Sebastian Hanrieder: Titanium dioxide (TiO2) powder will be classified as category 2 (potentially carcinogenic by inhalation) and this will be binding from 1 October 2021. Although there is an appeal by some companies against the ruling, the long duration of the procedure will not prevent classification for the time being.

What effects does this have on formulators of paints and varnishes?

Hanrieder: Titanium dioxide is one of the most important raw materials for the coatings, paints and printing inks industry and is contained in more than 90% of all paints. The effects on waste management, ecolabels, mandatory labeling in general and several others issues are not yet definitively foreseeable. Regarding the workplace exposure limits, there are unfortunately no uniform regulations throughout the EU (dust limit values of 3-10mg/m³). We understand that the EU plans to establish an EU-wide harmonized limit value to protect employees.  Until then, the existing limits will be observed since the classification itself does not impact those limits. The classification of titanium dioxide does not change the dust limit values applicable in the respective EU member states.

What do manufacturers of facade paints in particular need to be aware of?

Hanrieder: The conditions for manufacturers of facade paints are generally the same as those for all paint and varnish manufacturers. Here, too, it is important to comply with occupational health and safety measures and to label everything correctly.
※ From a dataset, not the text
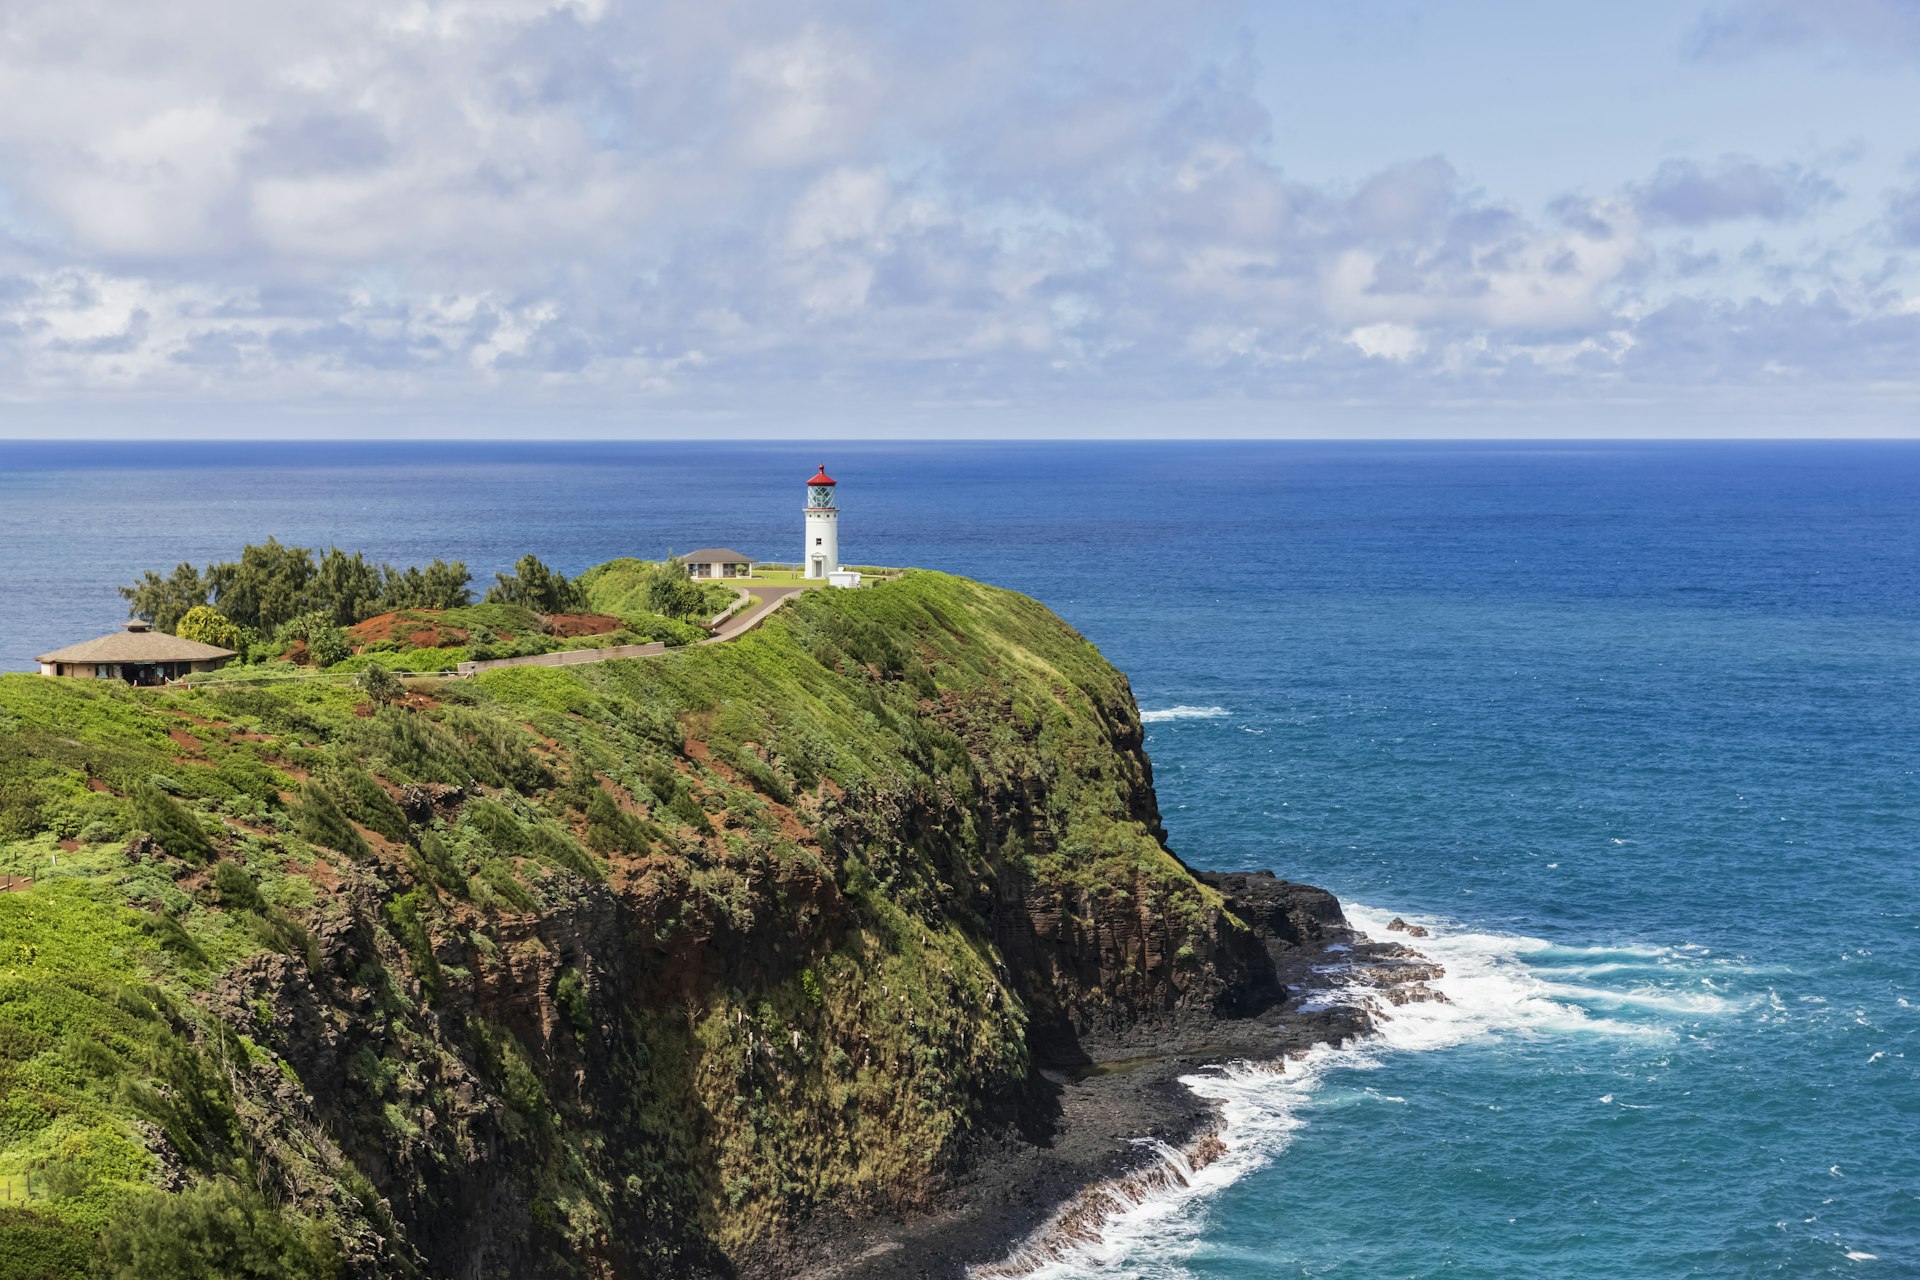 An aerial view of the lighthouse overlooking the cliffs and Pacific Ocean at Kilauea Point National Wildlife Refuge, Kaua‘i

As already mentioned, there may still be consequences for various ecolabels and compliance with them, such as the Blue Angel in Germany.

Are there – due to the corona pandemic – supply bottlenecks for titanium dioxide?

Hanrieder: No, we do not see any indications for this. Kronos adheres to a strict corona safety concept, which means that we can maintain our production at full capacity.

What effects has the pandemic had on your activities in general so far?

Hanrieder: Since mid-March, the application technology departments have been working in “partial home offices” with alternating office staffing. Project discussions and meetings, both internal and external, are usually held via video conference. For our customers, distributors and own employees we offer a series of technical webinars. Customer visits are currently not permitted.